From the questions you answered, where do you fall?

A healthy/normalized relationship with food means that you eat a varied and balanced diet.  It means not viewing food as good or bad.  It means listening to your hunger cues, allowing yourself to have more if you want/need it and stop eating when you are full.  Someone with a healthy relationship with food does not obsessively calorie count.  There is no compensatory behaviours in direct relation to what you eat.

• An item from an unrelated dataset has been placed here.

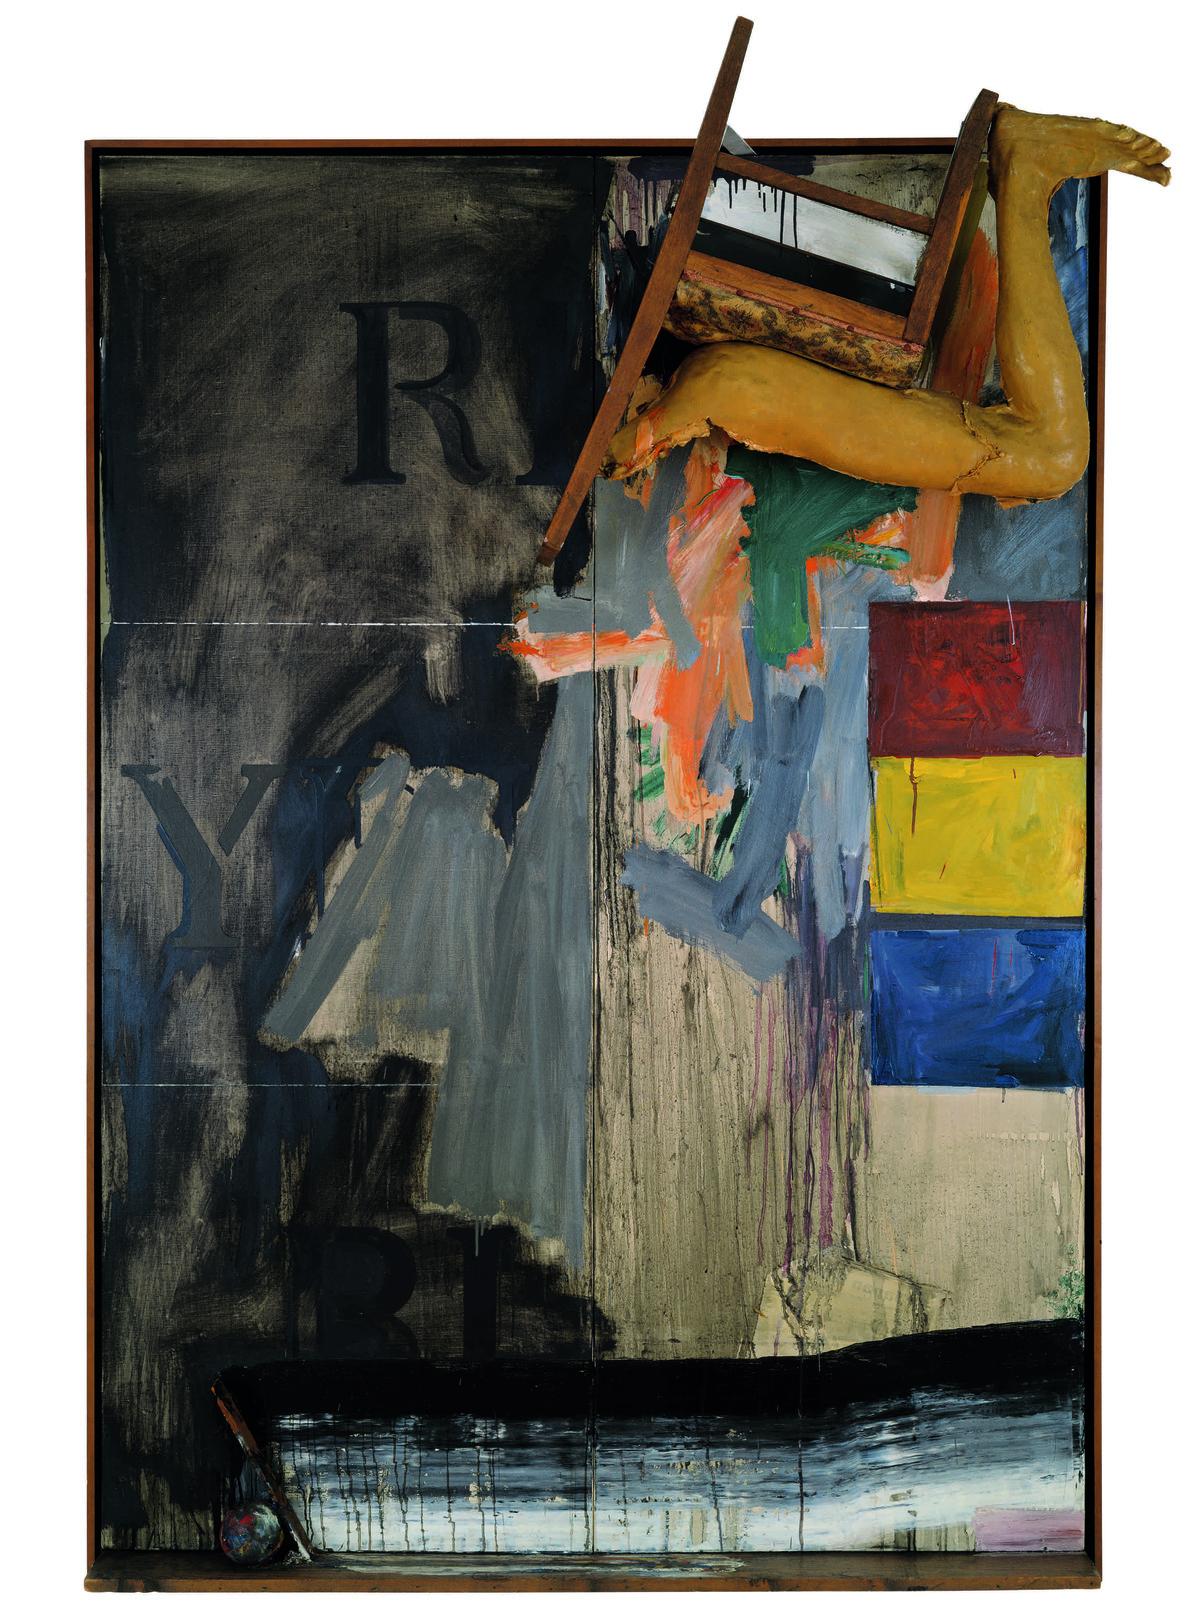 Jasper Johns, Watchman, 1964

Disordered eating is a broad range of behaviours and emotional reactions to food.  It can mean skipping meals or eating too much at them.  It can leave one feeling in control or completely out of it.  It can mean cutting out a food group(s) or avoiding foods out of fear of weight gain.  Distorted eating can leave one feeling guilty or even shameful. It can occur as an emotional reaction or coping mechanism. It might mean not being able to eat in front of people or have ‘rules’ around what you are ‘seen’ eating. It might mean not even knowing what healthy eating is, but just knowing that the countless diets you have been on aren’t working. You do not have to have an eating disorder to have distorted eating.

Eating disorder behaviours are an extreme form of distorted eating, are severe, and can be life threatening.  Eating disorder behaviours can be severely restrictive or excessive. It can also mean engaging in binge and purge behaviours.  Individuals may gain weight, experience weight loss, or maintain a certain weight.